THE V-WEAPON PROGRAMS

The German Army sponsored a ballistic missile program in the late 1930s as a form of long-range artillery. The intention was to develop a weapon capable of delivering a one-ton payload to a range ten-times that of the World War I Paris gun, roughly 165 miles (270km). The A-4 missile program was officially initiated in 1936, but the technology was so radical that a series of sub-scale missiles had to be designed and tested before the full-scale missile could be developed. These experimental missiles were launched from a secret test facility at Peenemünde on an isolated peninsula in the Baltic starting in 1938. The first full-size A-4 missile was completed in February 1942 but the first attempted test launch in March 1942 failed. The fourth test flight, on October 3, 1942, finally succeeded, but the design was far from mature and test launches continued through 1943 to make the A-4 suitable for combat use. This missile is better known by its later propaganda designation as the V-2 (Vertgeltungswaffe-2: Retaliation weapon-2).

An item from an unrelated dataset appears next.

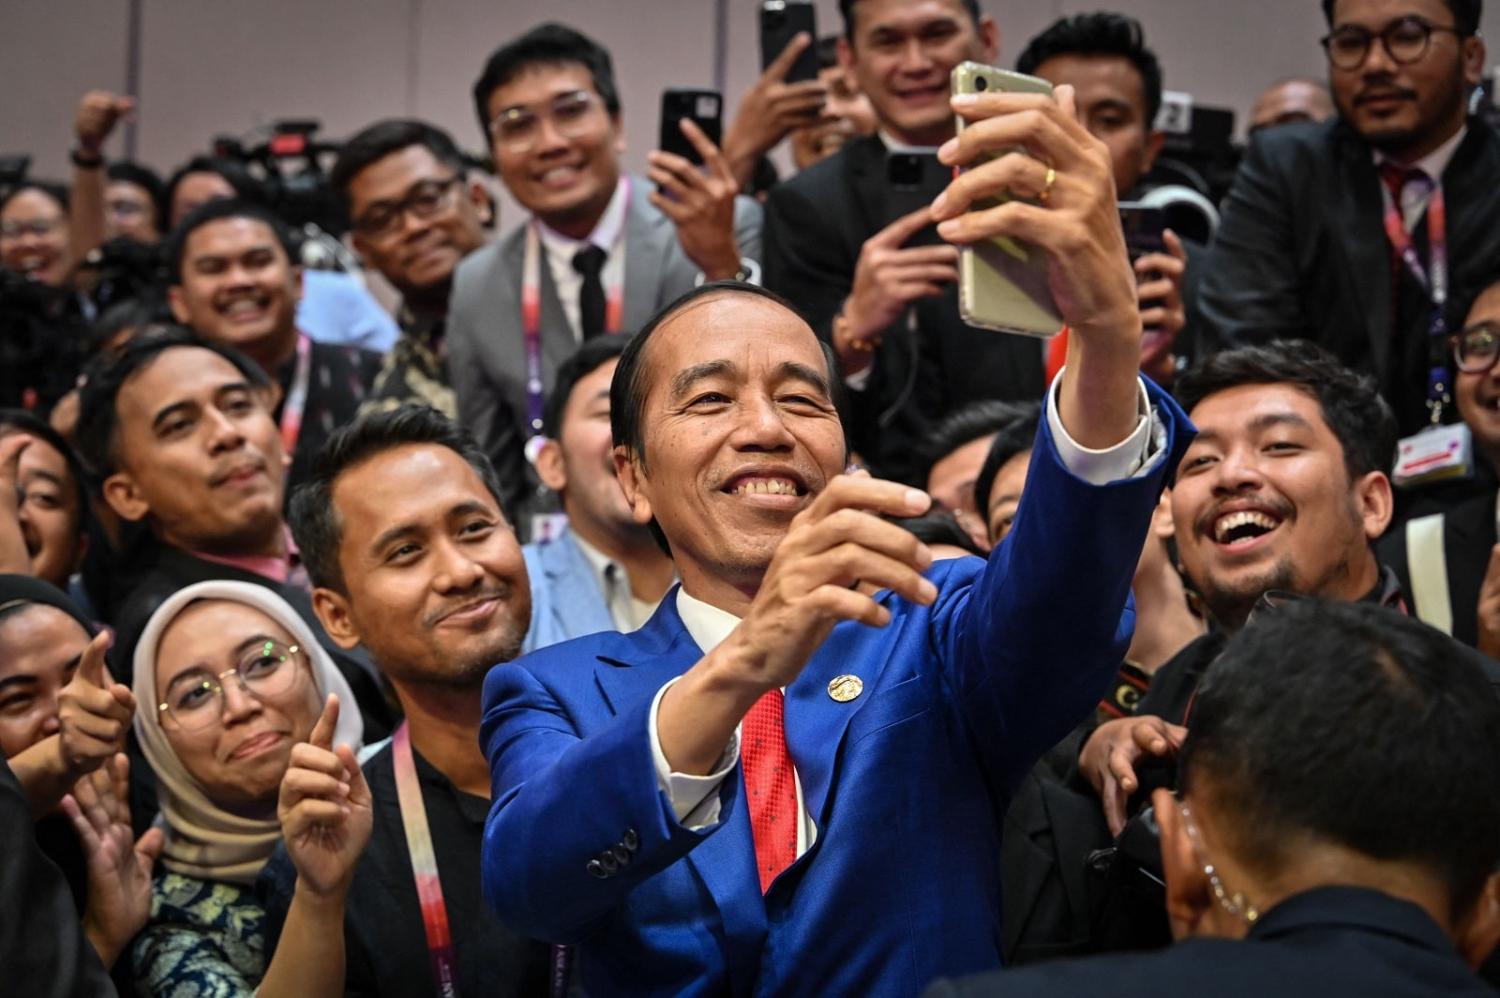 Indonesia's President Joko Widodo recently unveiled the country's preliminary long-term development plan, with direct reference to "influence" as a strategic objective (Adek Berry/AFP via Getty Images)

In the summer of 1942, the German Army sought Hitler’s approval to begin preparing for the mass-production of the A-4 missile, a major issue due to the enormous cost of the program, which was also likely to impact German aircraft production. The German generals promised that the new missile would succeed where the Luftwaffe had failed in the 1940 Battle of Britain. A storm of missiles would rain down on London, knocking Britain out of the war. Hitler had been ambivalent about the missile program, but the growing ferocity of British bomber missions over Germany changed his mind.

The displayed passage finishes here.